The specific hypothesis we wish to test is that inactivation of GSK-3¿ decreases ¿-amyloid peptide production
and prevents the onset of AD pathology. These mice, and the cells derived from these mice, will permit us to
begin addressing the molecular basis of how GSK-3 activity contributes to AD pathogenesis and
neurodegeneration.
Specific Aim 1: Define the contribution of each GSK-3 isoform toward the events leading to the pathogenesis of
Alzheimer's disease.
Specific Aim 2: Delineate the molecular basis of the differential effects of GSK-3¿ and GSK-3¿ on the
production of ¿-amyloid peptides.
Specific Aim 3: Examine the effects of conditionally deleting GSK-3¿ and GSK-3¿ on the pathogenesis of
Alzheimer's disease.
The aims proposed above utilize our novel GSK-3 conditional knockout mice, thus affording us an opportunity
to make significant strides toward understanding the molecular mechanism by which GSK-3 isoforms
participate in Alzheimer's disease. This application proposes experiments designed to gain a better understanding of how Alzheimer's disease
develops. It is our hope that this increased knowledge will lead to the development of therapeutics capable of
slowing or preventing the symptoms associated with Alzheimer's disease.

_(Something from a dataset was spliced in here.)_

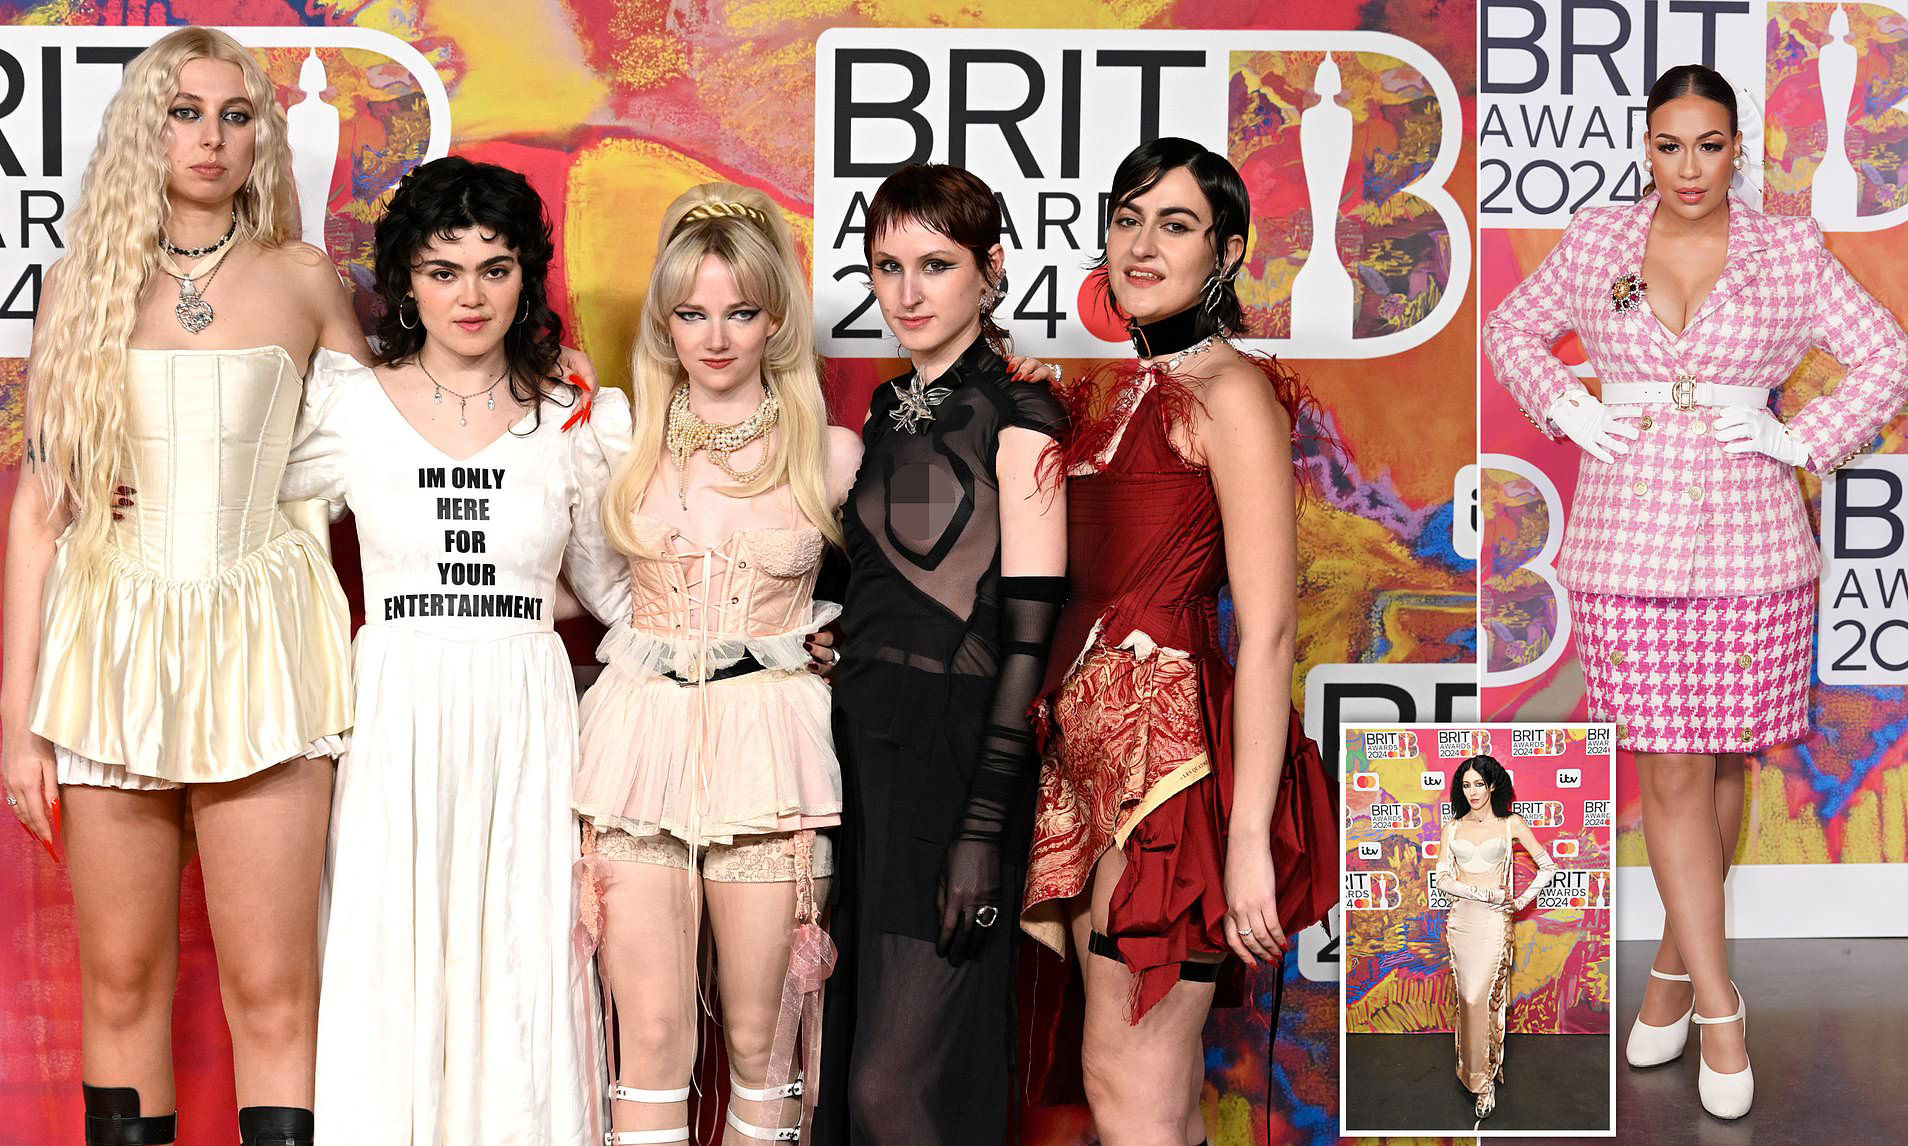 BRIT Awards 2024 worst dressed gingham overload, excessive cone bras

阿尔茨海默病(AD)是一种神经退行性疾病,其特征是认知能力下降,
最终进展为痴呆症。 AD 病理学被认为是由不溶性物质的积累造成的
淀粉样蛋白斑和神经原纤维缠结。最近的研究证明了两种高度相关的作用
蛋白激酶、糖原合酶激酶-3¿ 和 ¿(GSK-3¿ 和 GSK-3¿),在 ¿-淀粉样蛋白的调节中
肽生产。这些分子先前已被直接涉及神经原纤维缠结
形成,表明 GSK-3 亚型是 AD 病理学的重要介质。我们的长期目标是
更好地了解 GSK-3 活性如何促进 AD 的发病机制。作为实现这一目标的一步
为了实现长期目标,我们创造了能够条件性敲除 GSK-3¿ 和 GSK-3¿ 的小鼠。

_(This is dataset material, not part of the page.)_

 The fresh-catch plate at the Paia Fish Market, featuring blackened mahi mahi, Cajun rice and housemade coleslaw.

我们希望测试的具体假设是 GSK-3 失活会减少 β-淀粉样肽的产生
并预防 AD 病理的发生。这些小鼠以及源自这些小鼠的细胞将使我们能够
开始研究 GSK-3 活性如何影响 AD 发病机制的分子基础,
神经变性。
具体目标 1:定义每种 GSK-3 同工型对导致以下疾病发病机制的事件的贡献:
阿尔茨海默病。
具体目标 2:描述 GSK-3¿ 和 GSK-3¿ 对
β-淀粉样肽的生产。
具体目标 3:检查有条件删除 GSK-3¿ 和 GSK-3¿ 对发病机制的影响
阿尔茨海默病。
上述目标利用我们的新型 GSK-3 条件敲除小鼠,从而为我们提供了机会
在理解 GSK-3 亚型的分子机制方面取得重大进展
参与阿尔茨海默病。该申请提出了旨在更好地了解阿尔茨海默病如何发生的实验
发展。我们希望,这些知识的增加将导致能够开发出能够治疗的疗法。
减缓或预防与阿尔茨海默病相关的症状。
项目成果
期刊论文数量(0)
专著数量(0)
科研奖励数量(0)
会议论文数量(0)
专利数量(0)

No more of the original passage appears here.